Мэтти почти ощутила вкус мягкого желтого бисквита с кремовой начинкой, взрывающийся сладостью на языке. Она откусывала пирожное понемножку, чтобы растянуть удовольствие.
Уильям никогда не покупал сладкое. Они не ели пирогов и пирожных, потому что у Мэтти не было муки и сахара, чтобы их испечь. Она никогда и не просила, чтобы муж купил муку и сахар; ей даже в голову такое не приходило, ведь спустя некоторое время она совсем забыла о сладостях, но не сомневалась, что они не ели их, поскольку Уильям считал десерты нечестивыми.

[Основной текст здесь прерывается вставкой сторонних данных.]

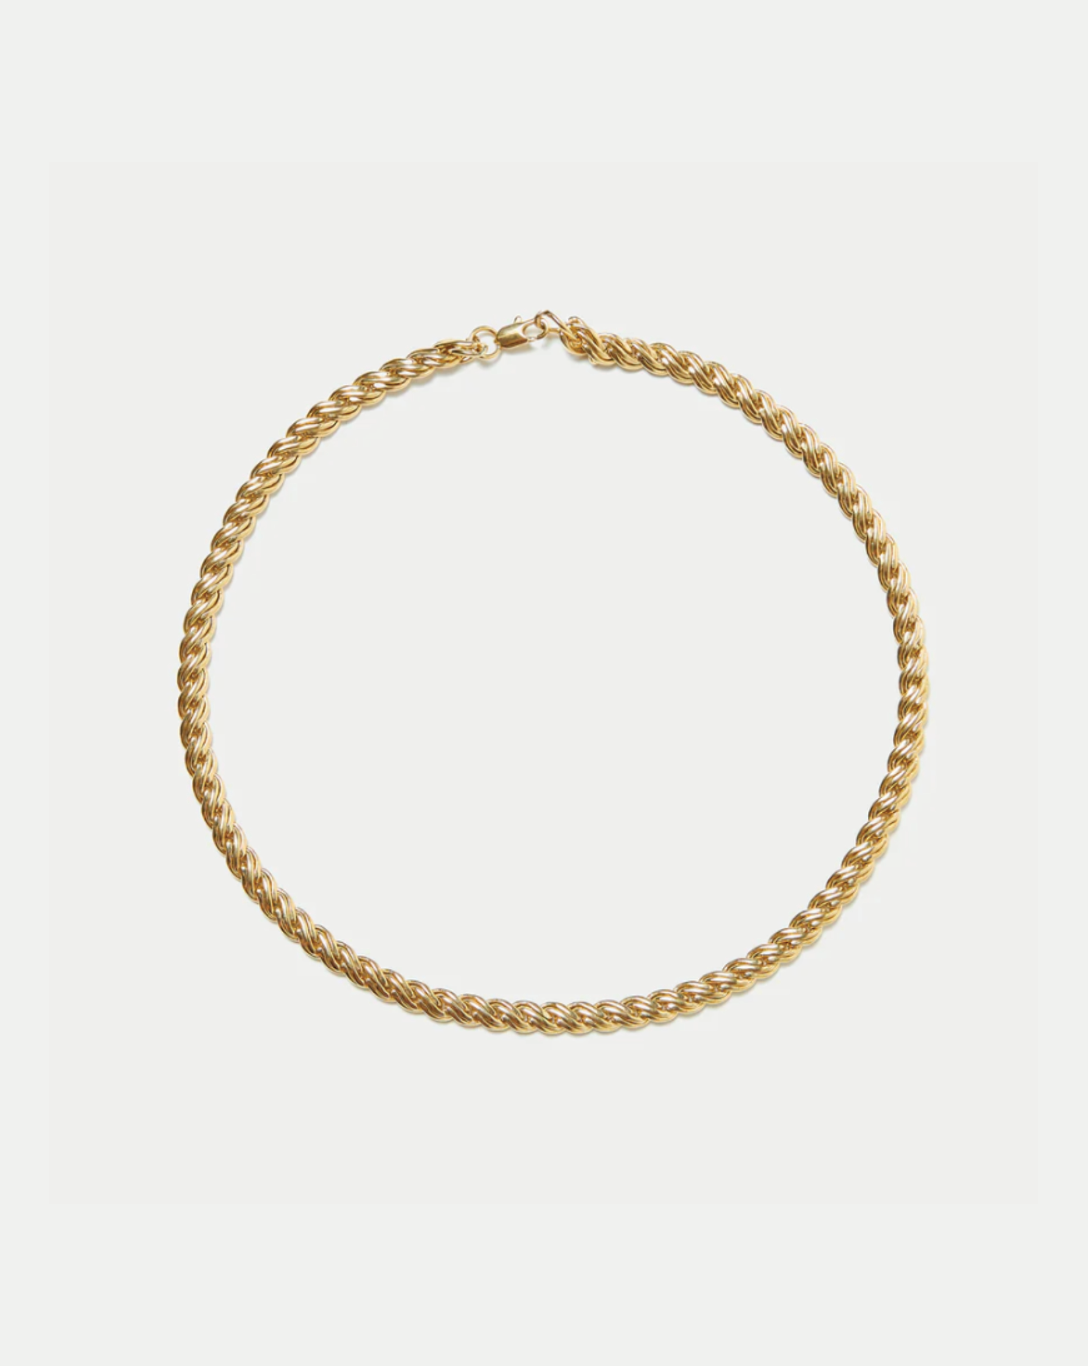 Allegra Lock Chain Necklace

Стук лопаты не утихал, и Мэтти занялась домашними делами. Она пыталась не думать о деньгах, что лежали под диваном. Скоро ли муж заметит пропажу? Спросит ли у нее об этом? Обычно он вел себя так, будто денег не существовало, или притворялся, что Мэтти о них ничего не известно.
Уильям разрешил ей съесть столько, сколько она захочет, и вчера Мэтти бы так и сделала, но сегодня она нервничала из-за денег, и аппетит пропал. Она заставила себя проглотить кусочек хлеба с сыром, ведь если бы совсем не поела, муж бы расстроился.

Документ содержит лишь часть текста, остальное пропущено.